Limitations & Future Work

  1. Functional Site Design Tools remain lightweight: Current tools are suitable for improving candidate quality within realistic computational budgets but do not guarantee ideal sequences, especially for strictly implementing high-specificity binding or catalytic geometries.
  2. Throughput-Quality Trade-off in Agentic Workflows: ProtoCycle invokes structural/functional tools multiple times during planning and evaluation, resulting in higher computational costs than one-shot generators.
  3. Evaluation is still primarily based on computational metrics: Language alignment, foldability, and keyword recovery are useful proxies but cannot replace wet-lab verification.
  4. Tool Feedback may introduce bias: If ProTrek, Chai-1, or retrieval tools have insufficient coverage for certain protein families, the planner will inherit these biases.
  5. Complex Functional Design remains unresolved: the paper aims to improve the text-guided design process rather than providing a de novo protein design solution that guarantees functionality directly.

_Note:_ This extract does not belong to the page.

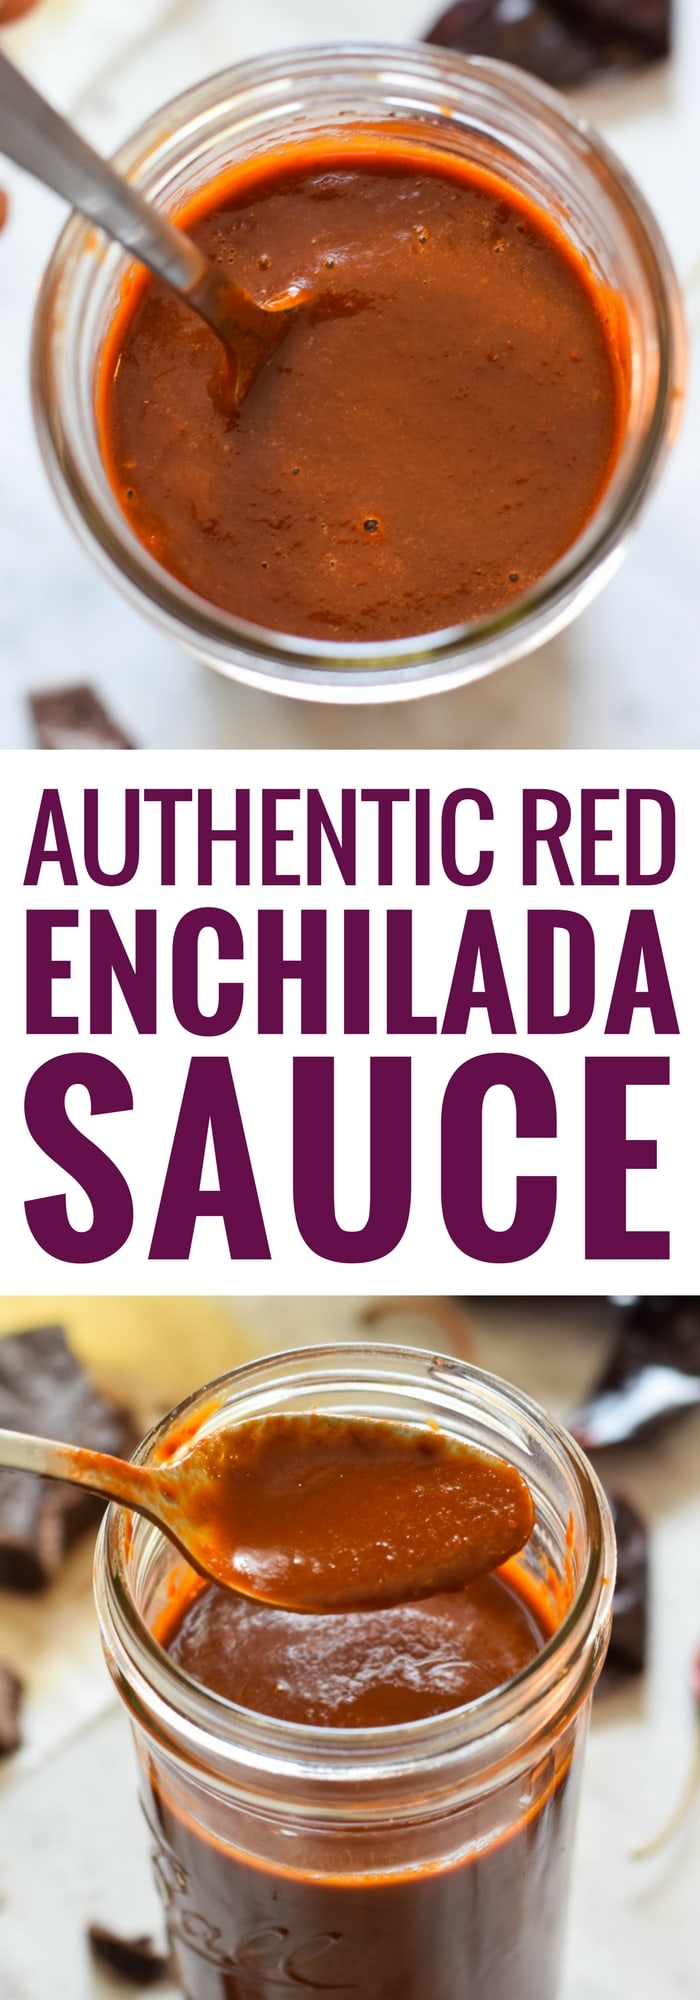 authentic basic red enchilada sauce

  1. Protein LLMs (ProtGPT2, ESM, etc.): Methods that directly use LLMs for sequence generation; ProtoCycle switches to using LLMs as planners.
  2. AlphaFold: A protein structure prediction tool that can serve as an evaluation component within the ProtoCycle tool environment.

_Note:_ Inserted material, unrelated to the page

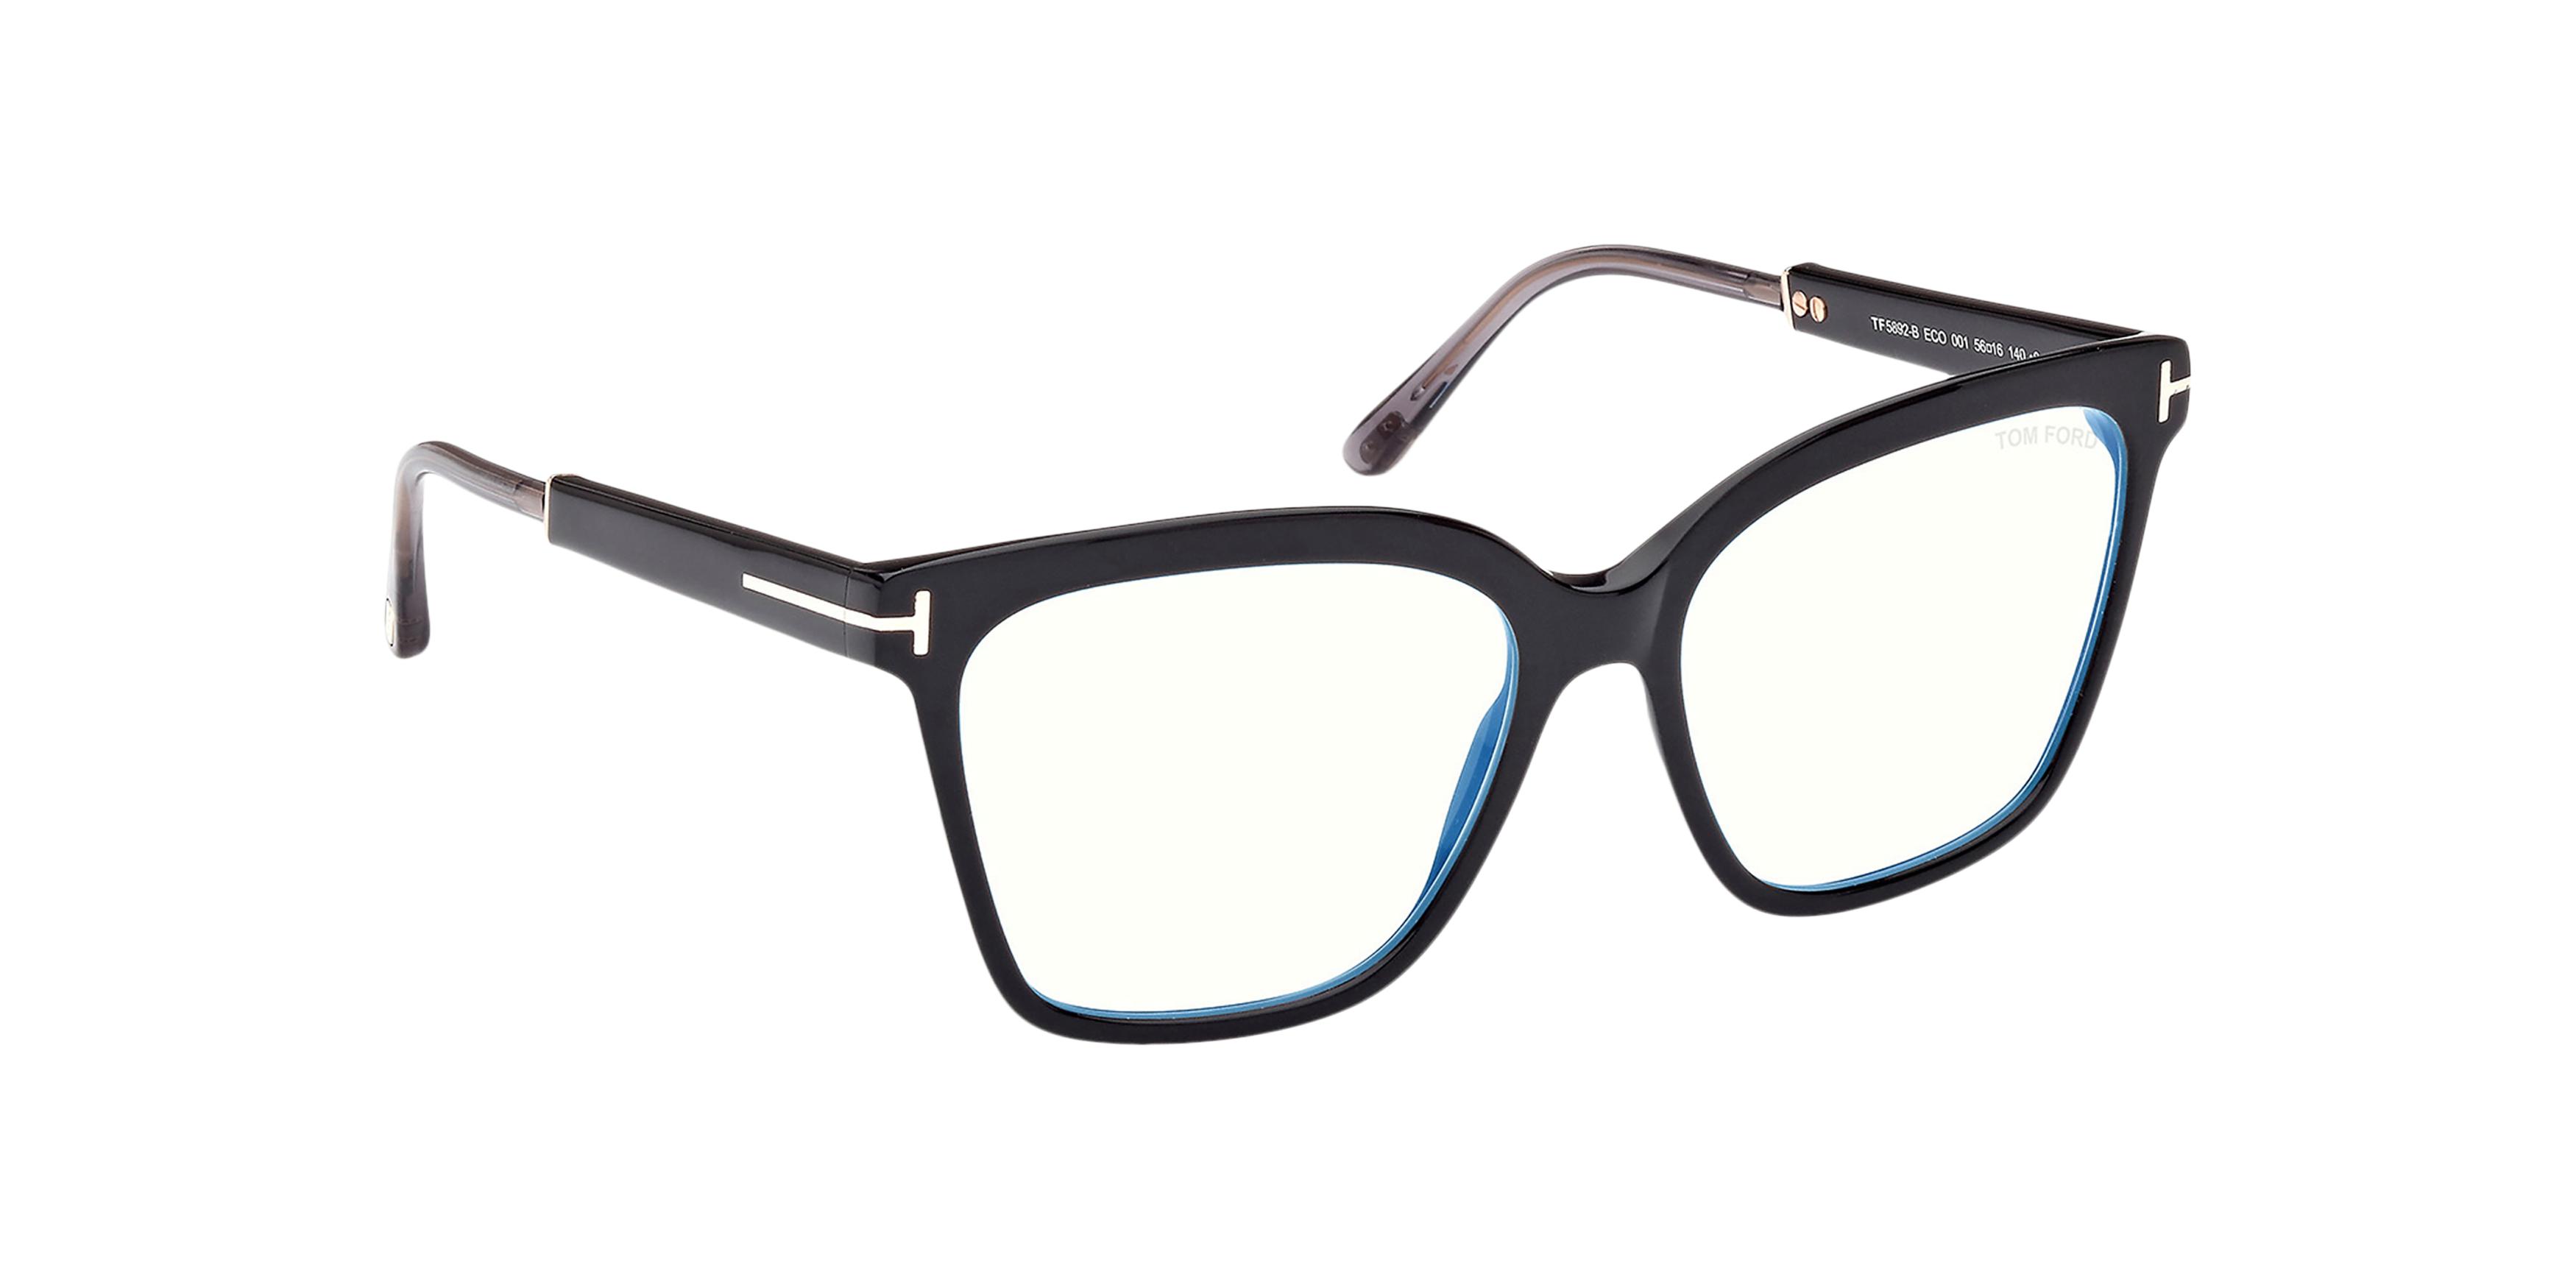 Angle_Right01 Tom Ford FT 5892-B Glasses Transparent / Black

  3. ReAct/OctoTools and other Agent Frameworks: Agent framework concepts from NLP; ProtoCycle migrates these to protein design.
  4. RLHF/Online RL: Training methods borrow the RLHF paradigm from NLP, using tool feedback in place of human feedback.

Rating

  • Novelty: ⭐⭐⭐⭐ — Introducing the agent paradigm to protein design is an interesting cross-domain effort; reflective iterative design aligns with domain intuition.

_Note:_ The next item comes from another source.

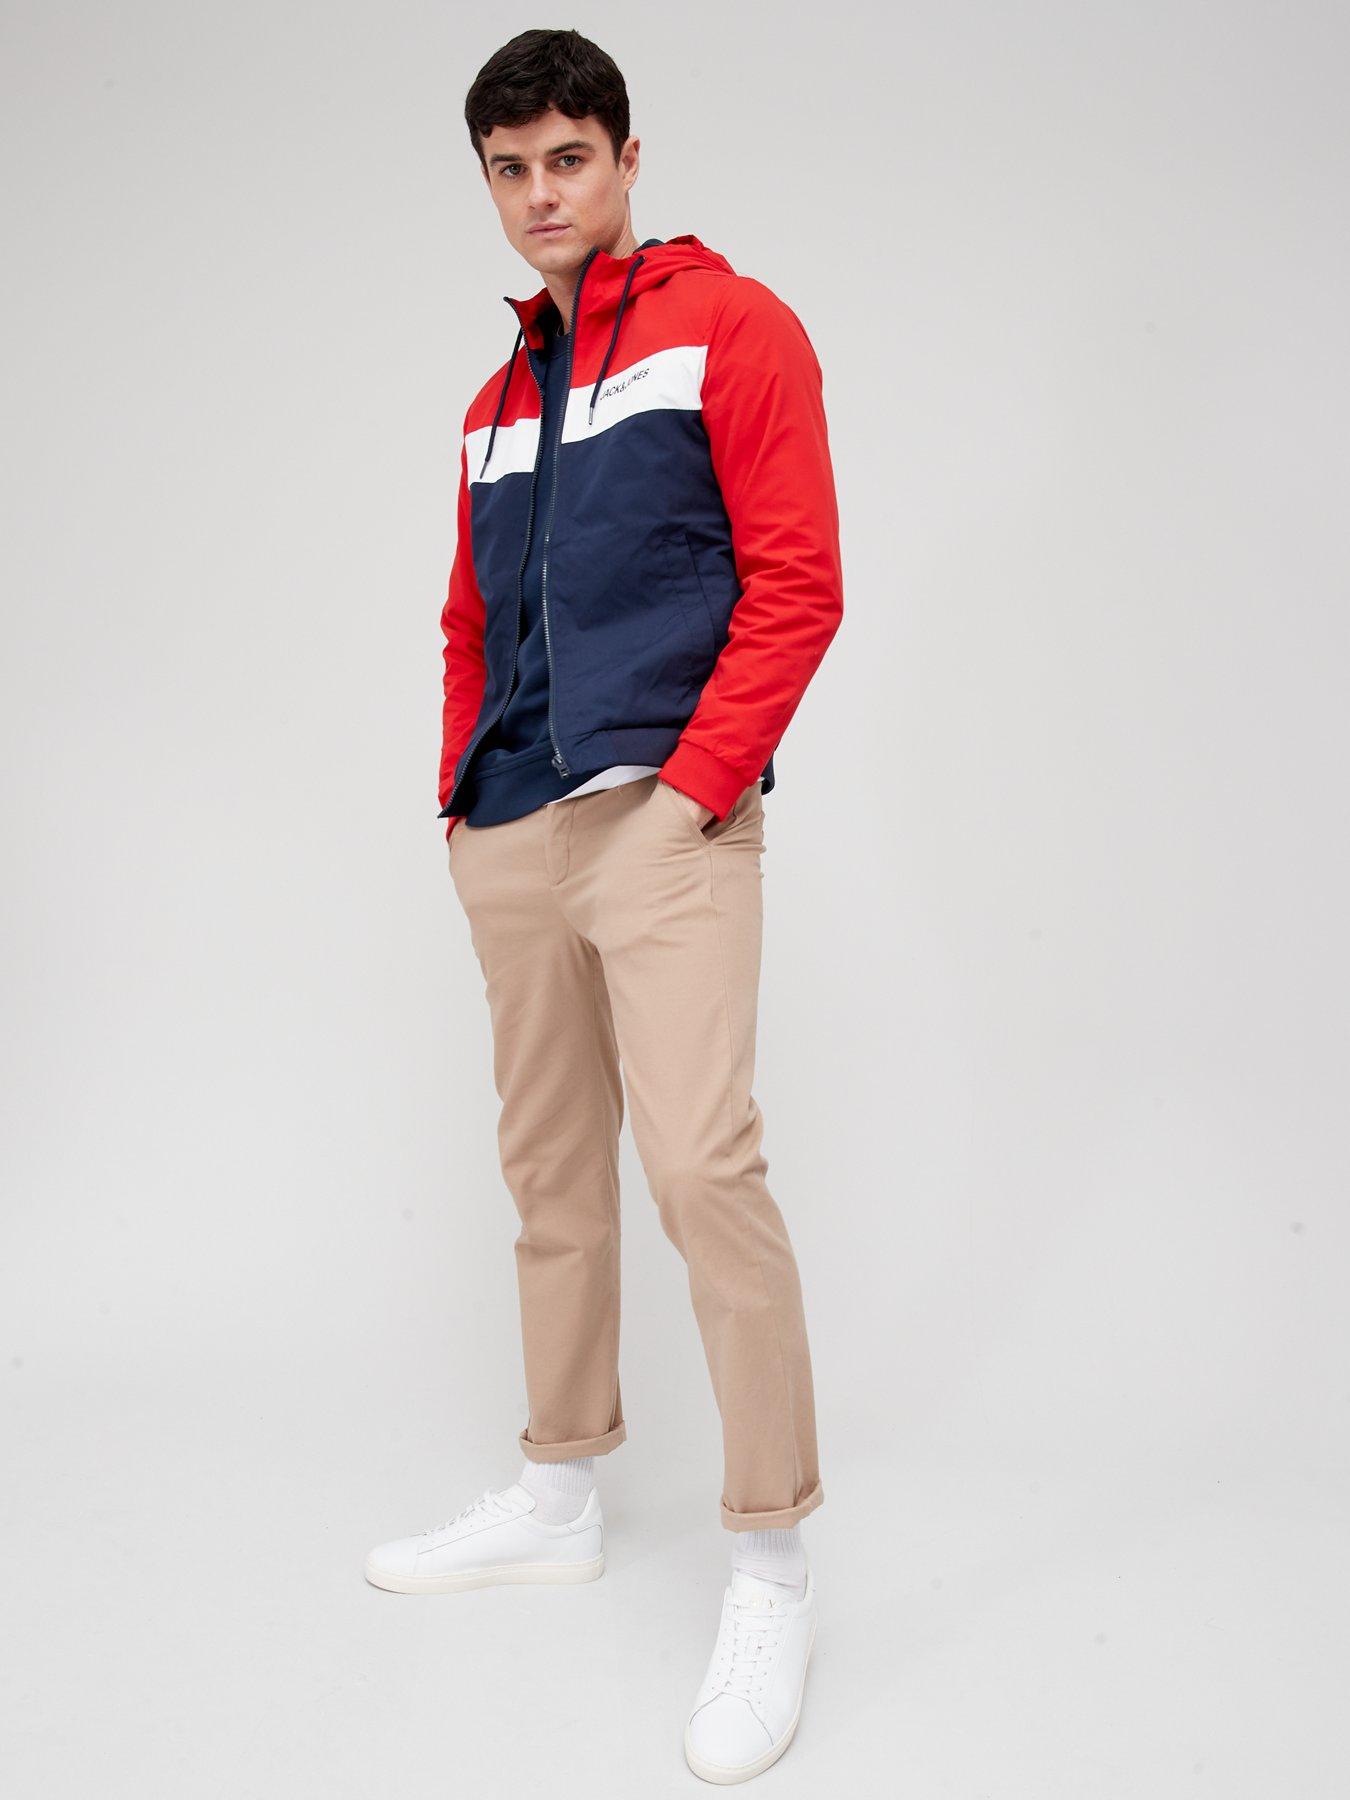  Colourblock Zip Through Hooded Jacket - Red/White/Navy

  • Experimental Thoroughness: ⭐⭐⭐⭐ — Covers Mol-Instructions, CAMEO generalization, tool efficiency, and reflection ablation, though wet-lab verification is absent.
  • Writing Quality: ⭐⭐⭐⭐ — Problem definition (plan-execute gap) is clear, and the framework design is intuitive.
  • Value: ⭐⭐⭐⭐ — Demonstrates the application potential of LLM agent frameworks in scientific discovery and provides a new paradigm for protein design.